Alzheimer: anche supporto e socializzazione per rallentare la malattia
PUBBLICATO IL 21 SETTEMBRE 2023
La malattia di Alzheimer è la più diffusa malattia neurodegenerativa in età senile che porta alla graduale perdita delle facoltà cognitive. Colpisce dopo i 60 anni, con una prevalenza maggiore nelle donne.
Per la gestione dei pazienti affetti da questa demenza gli Istituti Clinici Zucchi di Carate Brianza rappresentano un punto di riferimento nella provincia di Monza e della Brianza.
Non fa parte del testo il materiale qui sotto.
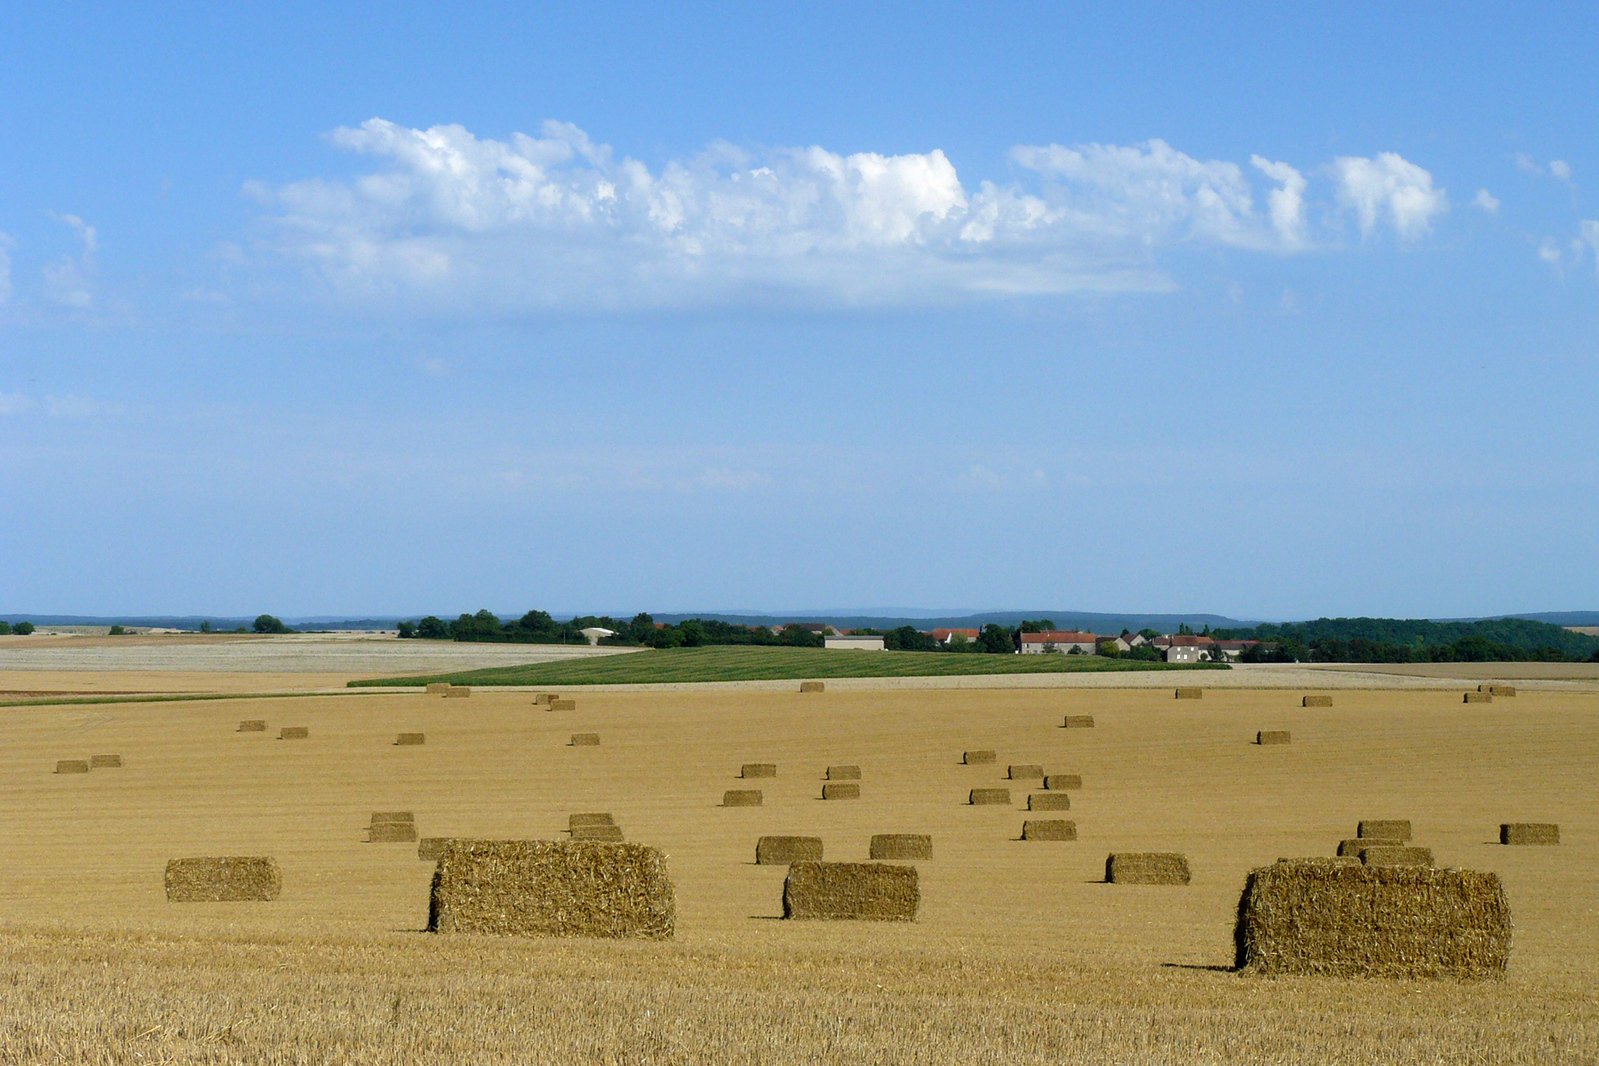 several straw bales placed out in an open field
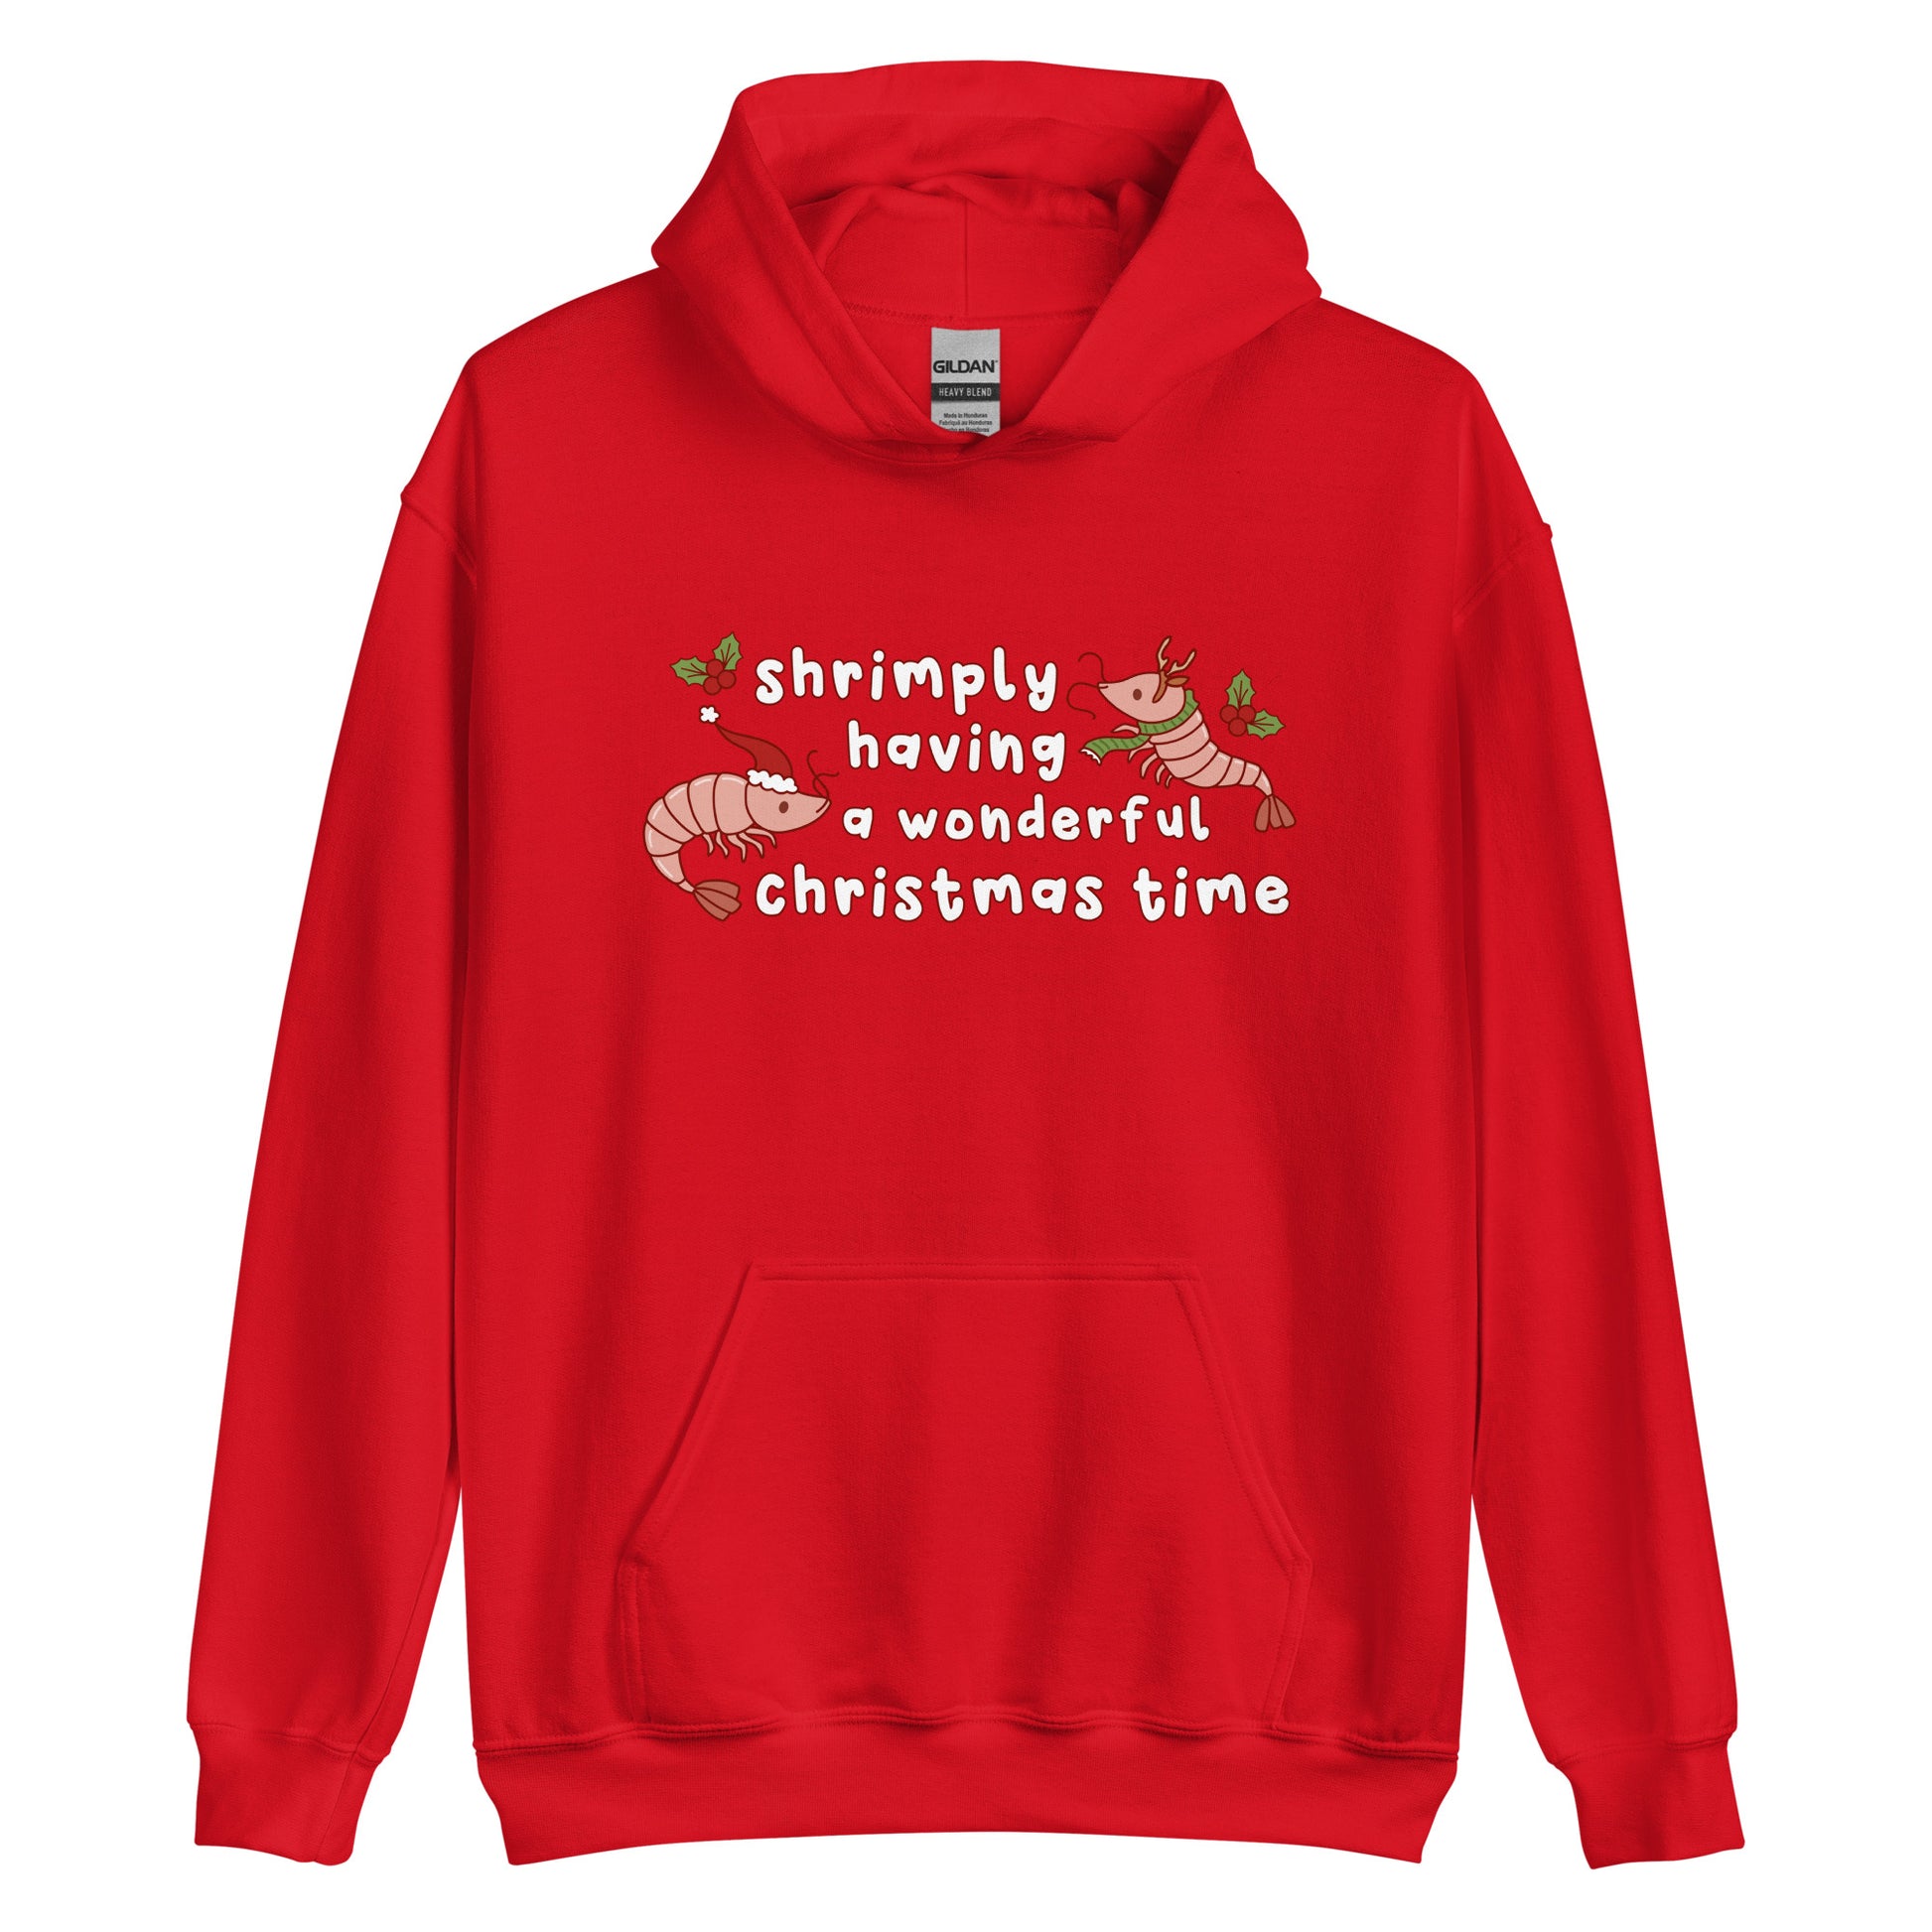 A red hooded sweatshirt featuring an illustration of two festive shrimp - one with a Santa hat, and one with reindeer antlers. Text between the shrimp reads "shrimply having a wonderful Christmas time".

Per questo in occasione della Giornata Mondiale dell’Alzheimer facciamo il punto su questa patologia e sulle cure con la Professoressa Cecilia Perin, direttrice della Scuola di Specializzazione in Medicina Riabilitativa dell’Università Milano-Bicocca e responsabile dell’unità complessa delle gravi cerebrolesioni, e la dottoressa Benedetta Tagliabue, medico geriatra dell’Unità di Riabilitazione Specialistica Neurologica delle gravi cerebrolesioni, che visitano e gestiscono i malati nel Centro per i Disturbi Cognitivi e Demenze (CDCD) della clinica caratese.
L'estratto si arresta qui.